**ASSIGNED TASK**
Since the pictures are not wanted, retype the listing below exactly and without them.

**INFORMATION SHOWN**

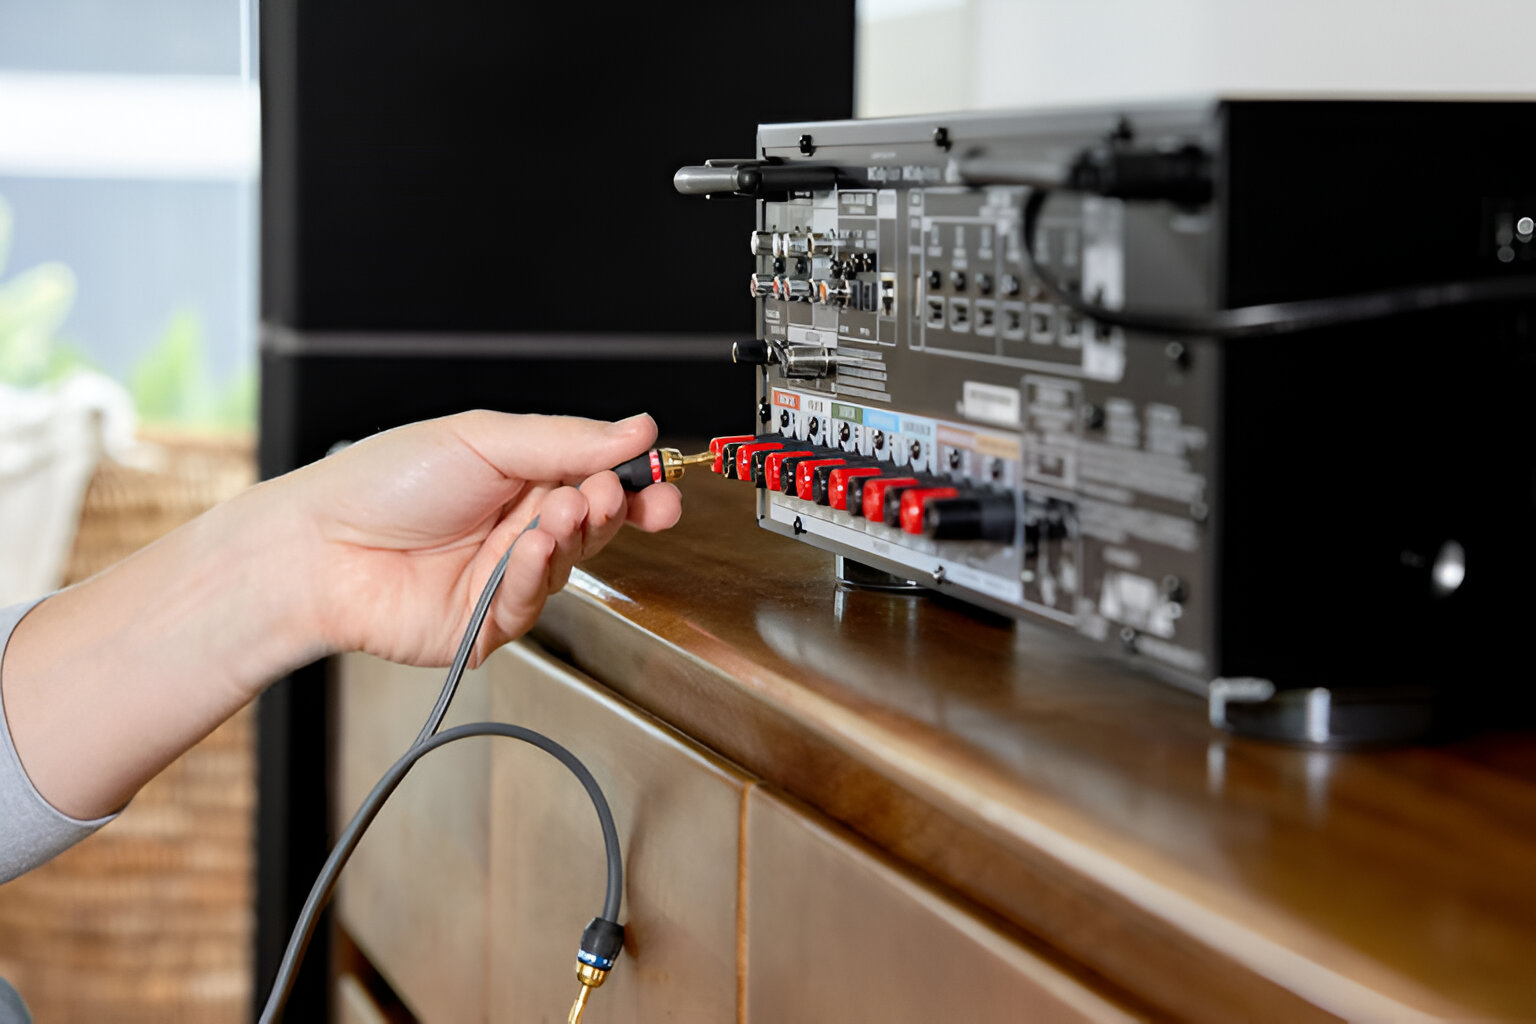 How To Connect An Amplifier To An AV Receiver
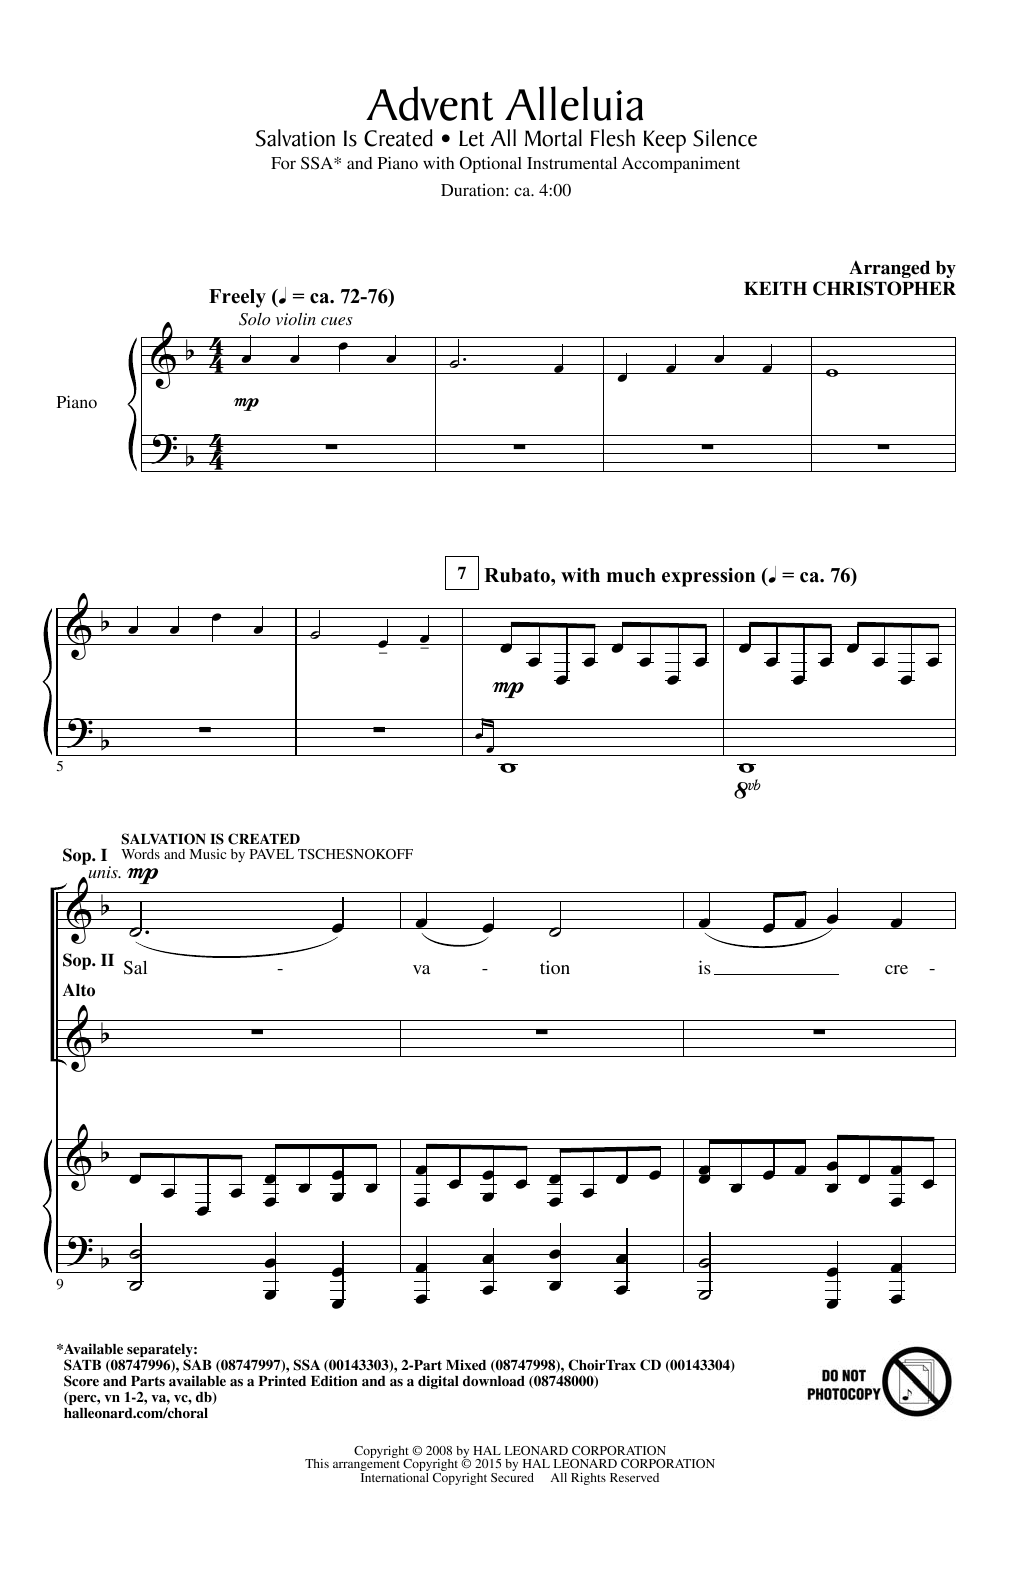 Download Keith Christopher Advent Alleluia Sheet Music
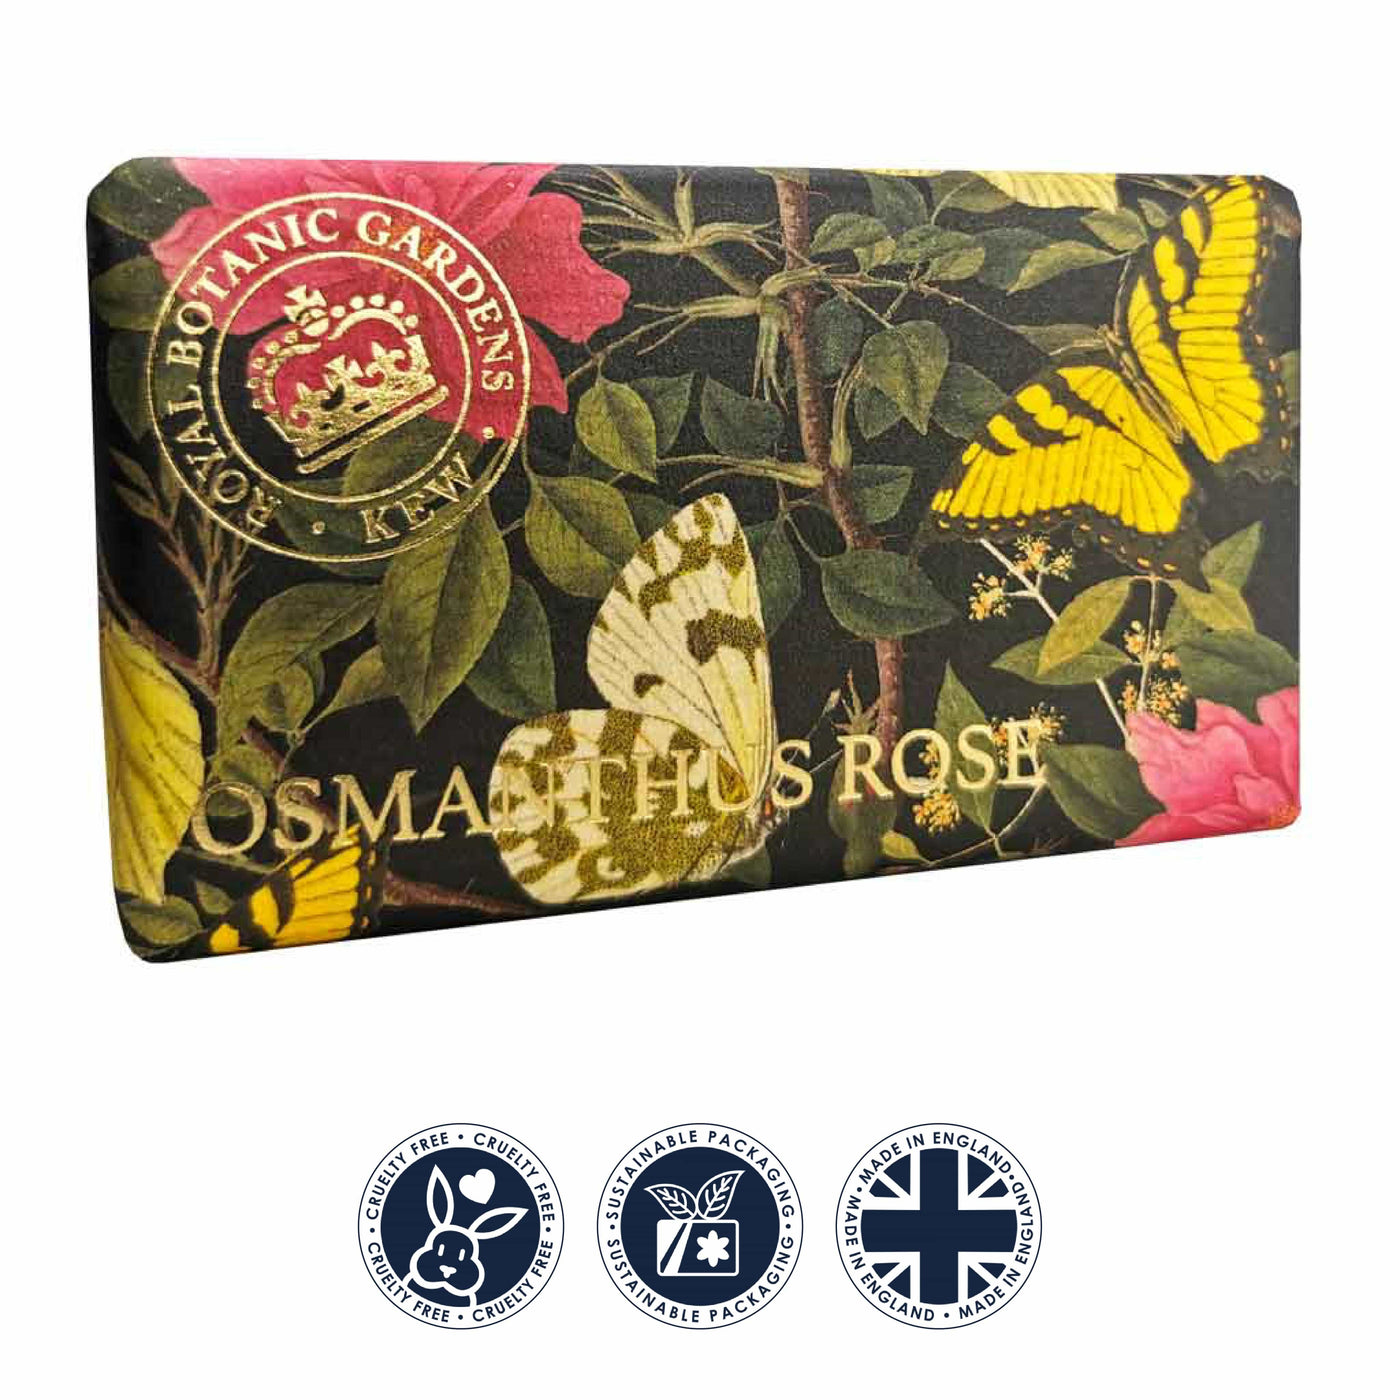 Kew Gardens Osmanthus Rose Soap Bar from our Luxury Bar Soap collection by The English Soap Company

**ANSWER TO THIS EXERCISE**
 How To Connect An Amplifier To An AV Receiver
 Download Keith Christopher Advent Alleluia Sheet Music
 Kew Gardens Osmanthus Rose Soap Bar from our Luxury Bar Soap collection by The English Soap Company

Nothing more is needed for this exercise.